For the Pasteurella multocida intranasal (IN) infection model, five colonies from the overnight growth on BAP were picked and inoculated into 10 ml of room temperature BHIB. Appropriate dilutions in cold BHIB were made to achieve ~1.25 × 10⁵ CFU/ml. Mice were anesthetized either by an IP injection of 100 mg/kg ketamine + 10 mg/kg xylazine, or by isoflurane inhalation via the Compac 5 Anesthesia Center. A volume of 0.04 ml (40 μl) of the adjusted challenge material was slowly applied to the nares of anesthetized mice, using a Rainin L100 Pipet Lite manual pipettor with sterile tips. At 18 h PC, mice received one SC injection of 0.1 ml of appropriate dilutions of drug prepared in phosphate buffered saline (PBS). Mice were monitored for 8 days.

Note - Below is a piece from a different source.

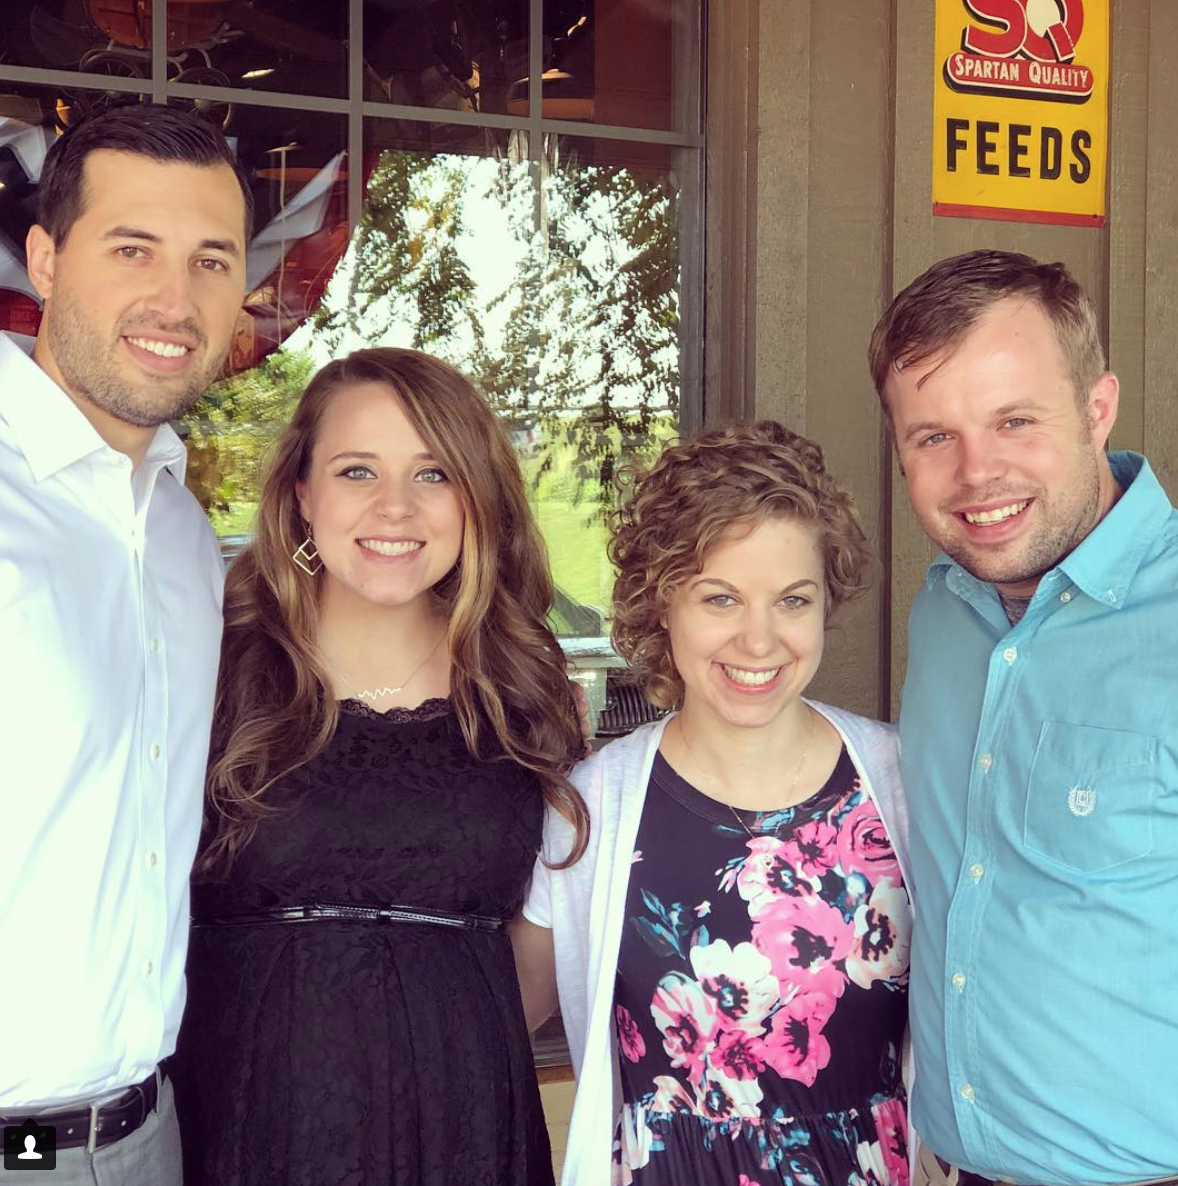 Jinger Duggar Attacked For Dyeing Hair When Pregnant

For the Pasteurella multocida systemic infection model, dilutions in cold PBS were made to achieve ~1.5 × 10⁴ CFU/ml. A volume of 0.1 ml of this adjusted challenge material was administered to mice by the IP route as described above. Drugs to be tested were administered via SC injection as described above at 1 and 3 h PC. Mice were monitored for 6 days.

For the A. pleuropneumoniae systemic infection model, fresh supplement C at 2% concentration was added to 30 ml of room temperature BHIB. Fifteen A. pleuropneumoniae colonies were transferred to the BHIB with supplement C, then incubated for ~4 h until the A₆₀₀ of undiluted growth approximated a pre-determined optical density known to yield ~2 × 10⁸ CFU/ml. Mice were challenged with a volume of 0.2 ml/mouse, by IP administration, as described above. Drugs to be tested were administered via SC injection as described above at 1, 24, and 48 h PC. Mice were monitored for 6 days.

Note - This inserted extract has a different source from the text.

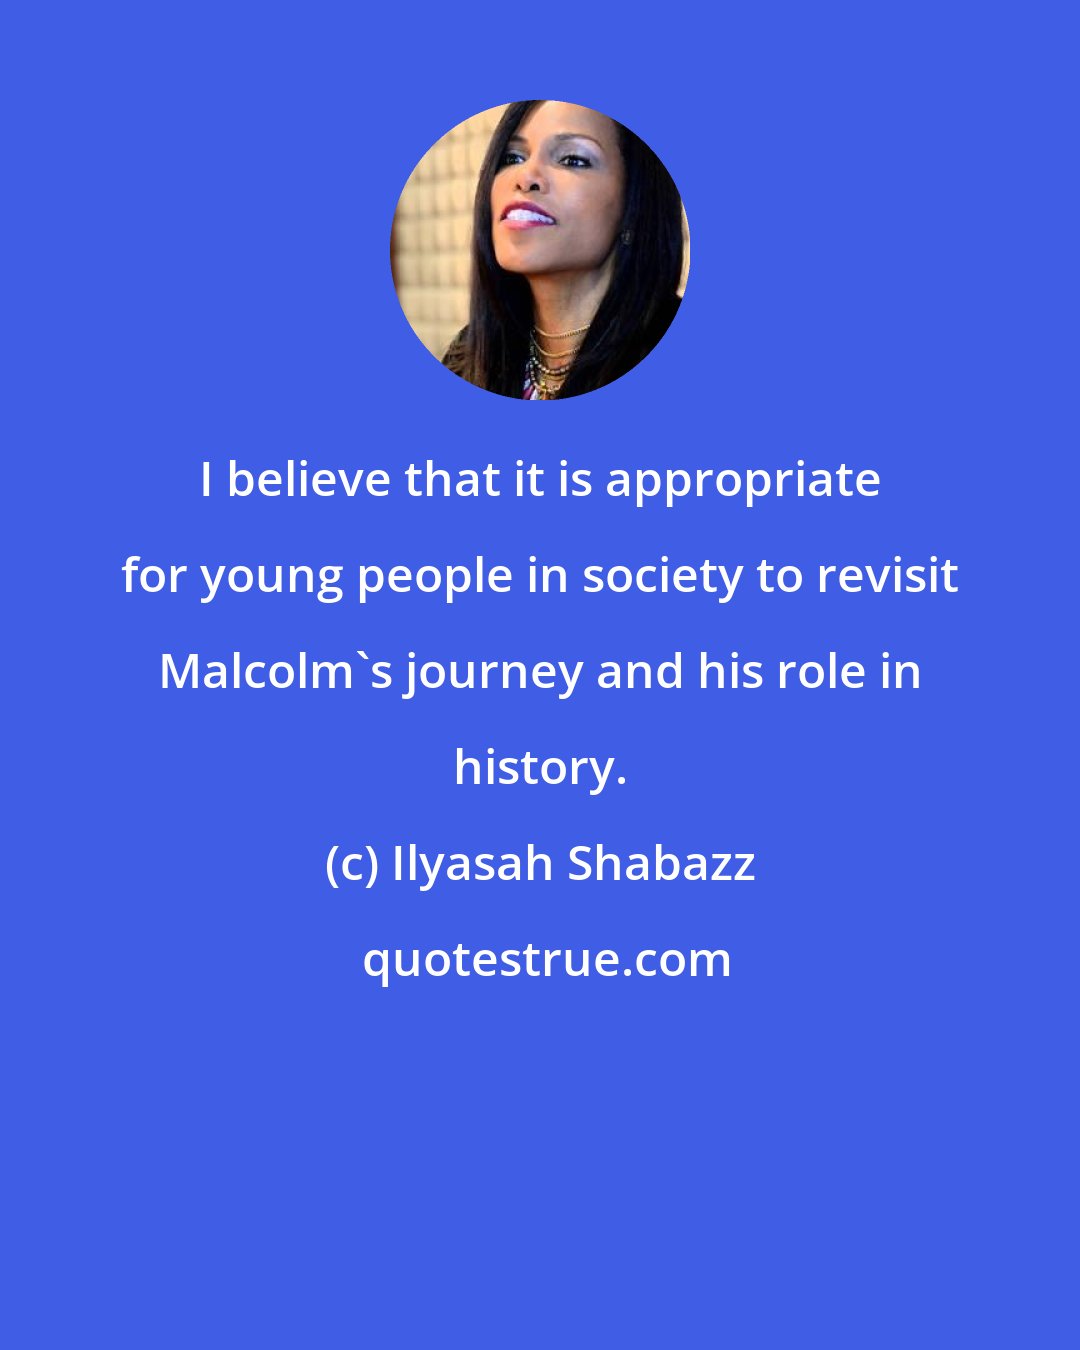 Ilyasah Shabazz: I believe that it is appropriate for young people in society to revisit Malcolm's journey and his role in history.

The MICs of clinafloxacin and comparator compounds for 480 bacterial clinical isolates are summarized in Table 1. Clinafloxacin demonstrated strong activity against all tested bovine and swine isolates with MIC₉₀ values lower for all isolate groups compared to danofloxacin and enrofloxacin (MIC₉₀ values bovine P. multocida, M. haemolytica, H. somni, and M. bovis were 0.125, 0.5, 0.125, and 1 μg/ml, respectively, and the MIC₉₀ values against swine P. multocida, A. pleuropneumoniae, S. suis, and M. hyopneumoniae were ≤0.03, ≤0.03, 0.125, and ≤0.008 μg/ml, respectively). Clinafloxacin was also very active against mycoplasma isolates recovered from cattle and pigs. Clinafloxacin MICs obtained against ATCC cultures in this study were similar to what is listed as acceptable QC parameters in CLSI (formerly National Committee for Clinical Laboratory Standards, NCCLS; CLSI, 2005; data not shown).

The results of the time-kill kinetic studies are summarized in Table 2 when tested at drug concentrations that were four times the MIC. The data are presented in terms of the log CFU change in which cidality is defined as a ≥3.0 log CFU reduction in the initial inoculum at 24 h. All of the test agents produced a similar degree of killing (reduction of 3.8–5.0 log CFU/ml) and were defined as being cidal. The greatest decrease in CFUs occurred between 2 and 6 h for all compounds (data not shown). Clinafloxacin had a log decrease range of 4.4–5.0 against all organisms tested.

Determination of MPC/MIC ratios was determined for test compounds using one strain of S. suis and P. multocida (Table 3). For clinafloxacin and S. suis, the parent MIC shifted from 0.125 to 0.25 μg/ml for a MPC/MIC ratio of 2 whereas the MIC did not shift with P. multocida resulting in a ratio of 1. MPC/MIC ratios using S. suis were 16 and 8 for danofloxacin and enrofloxacin, respectively; using P. multocida the ratio was 4 for danofloxacin and enrofloxacin.

Clinafloxacin and comparator compounds were efficacious with low ED₅₀ values when tested against livestock pathogens in mouse IP or IN models (Table 4). ED₅₀ values for clinafloxacin were determined when dosed three times at 1, 24, and 48 h and 1 and 3 h after an IP challenge with a bovine strain of M. haemolytica (0.019 and 0.008 mg/kg, respectively) while an ED₅₀ value of 0.55 mg/kg was obtained when bovine P. multocida was administered intranasally and 0.08 mg/kg when administered intraperitoneally. The ED₅₀ value was slightly higher at 0.7 mg/kg with the IP A. pleuropneumoniae model. No evidence of hypoglycemia or photosensitivity was observed in any mice during these efficacy studies.